OK .. I think I just needed play with it more actually![]()
You can more simply just toggle a scene based on an API direct though right? .. rather that via a Virtual API object?
To be more specific than a random example ... one use-case I'm looking to control here is that in my office, I have 2 desks - 1 for each of myself and my wife. Each desk has external monitors that consume enough power that I don't leave them powered on full time, plus some aesthetic LED lighting on each desk. So, what I want is to vary the room activity based on "who" is at home during working-day hours.
If someone enters the office - I want each 'desk' to only power on only based on whether each individual is at home and clearly still obey the lights being controlled by room occupancy.

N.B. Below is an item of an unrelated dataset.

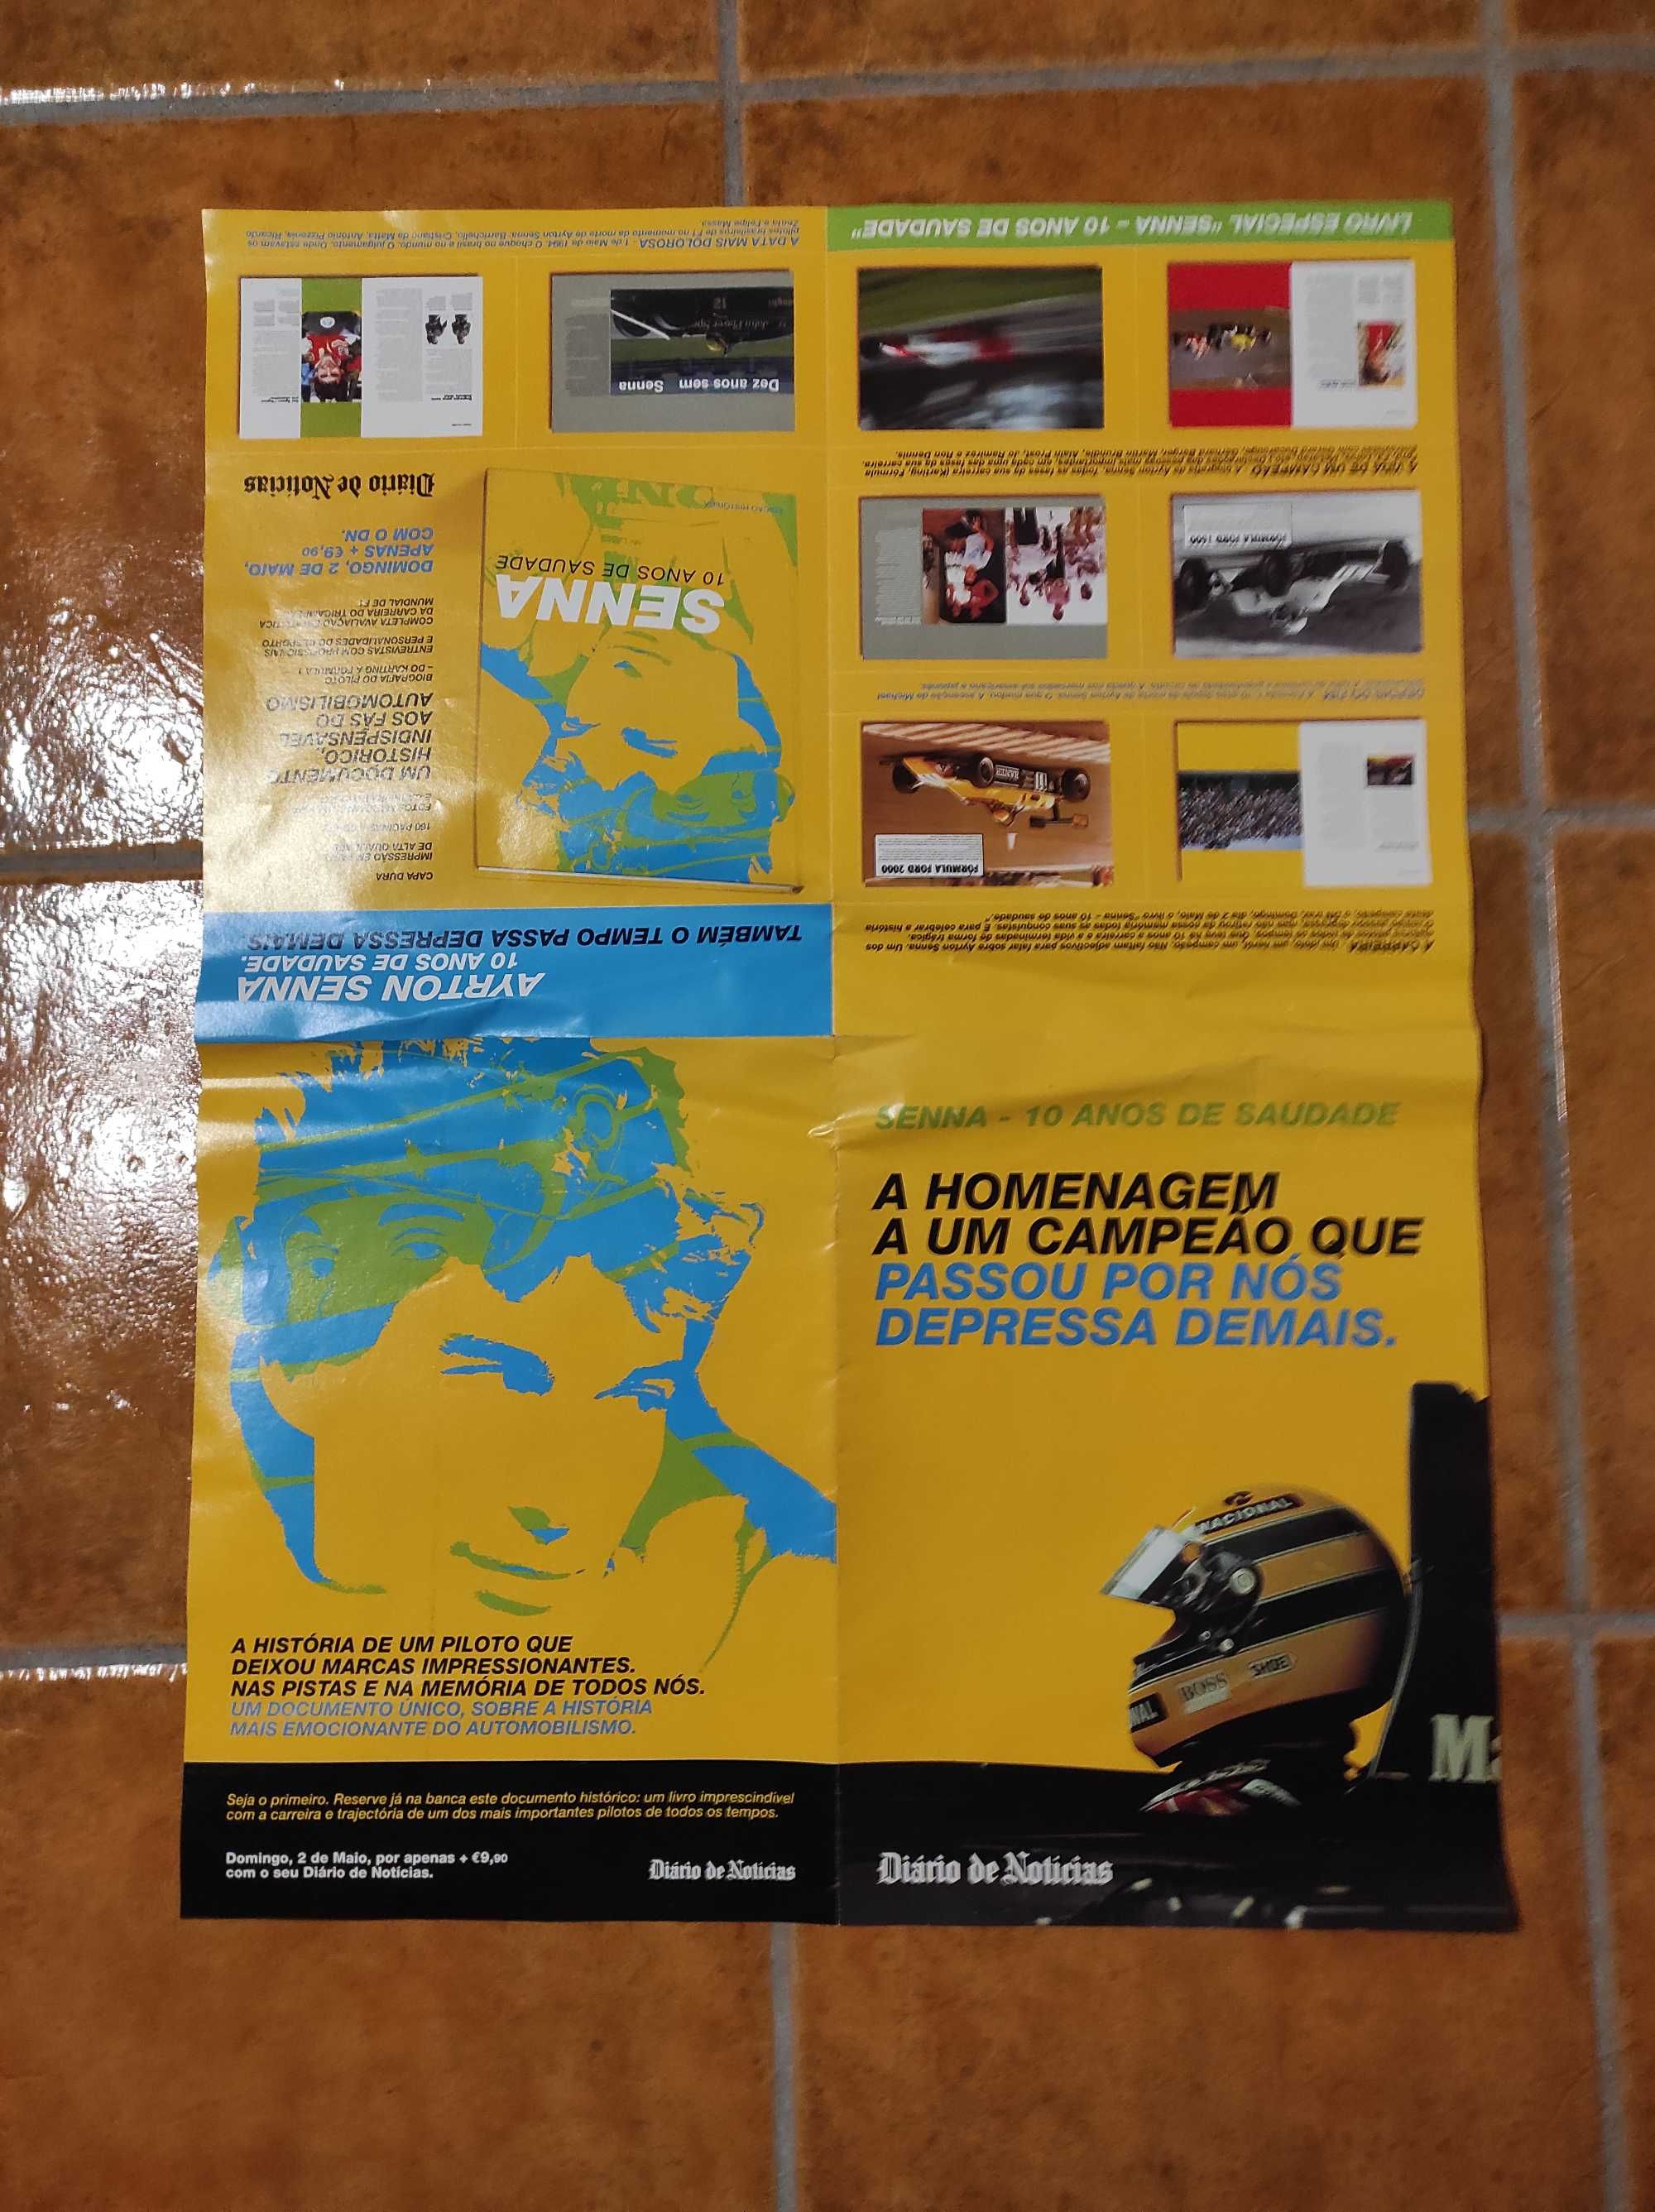 Airton Senna poster

So with this, I suppose 1 GL Object Output could set each light / 'PC monitor' object to be active when that person is "home", and another GL Inactive when they leave the house, however, why wouldn't I just set the light / 'PC Monitor' active and inactive via the API that would otherwise have set the API Variable, direct, cutting out the middle man (the GL object)?
That said, I have just looked at what you said and (contrary to what I "think" you describe, maybe I'm mis-interpreting what you mean), I do appear to be able to control a light object using the Virtual API Variable state directly ... I've connected a test light object so that the "Turn On" connection = "Virtual API Object On True" and the the "Turn Off" connection = "Virtual API Object On False" ... with this, changing the state of the Virtual API object turns the light on/off depending the API value being True/False ..
Likewise I setup an 'Analogue (Real)' Virtual API variable, and I've connected the "Brightness (Dimmer Control)" connection of a Dimmer object to be "Virtual API Variable-Out Value" and with this, whatever value 0-100 I set the Virtual API variable to be, sets the brightness of the dimmer.
So .. I think this gives me scope to do what I need ... will certainly have more time to tinker over Xmas once tomorrow is out of the way
Ahh! Brilliant! Well done! ... these things are usually something simple enough, but without someone explicitly stating this is a mandatory "option" in a curl, ya wouldn't have known to find it without experimentation like this ..![]()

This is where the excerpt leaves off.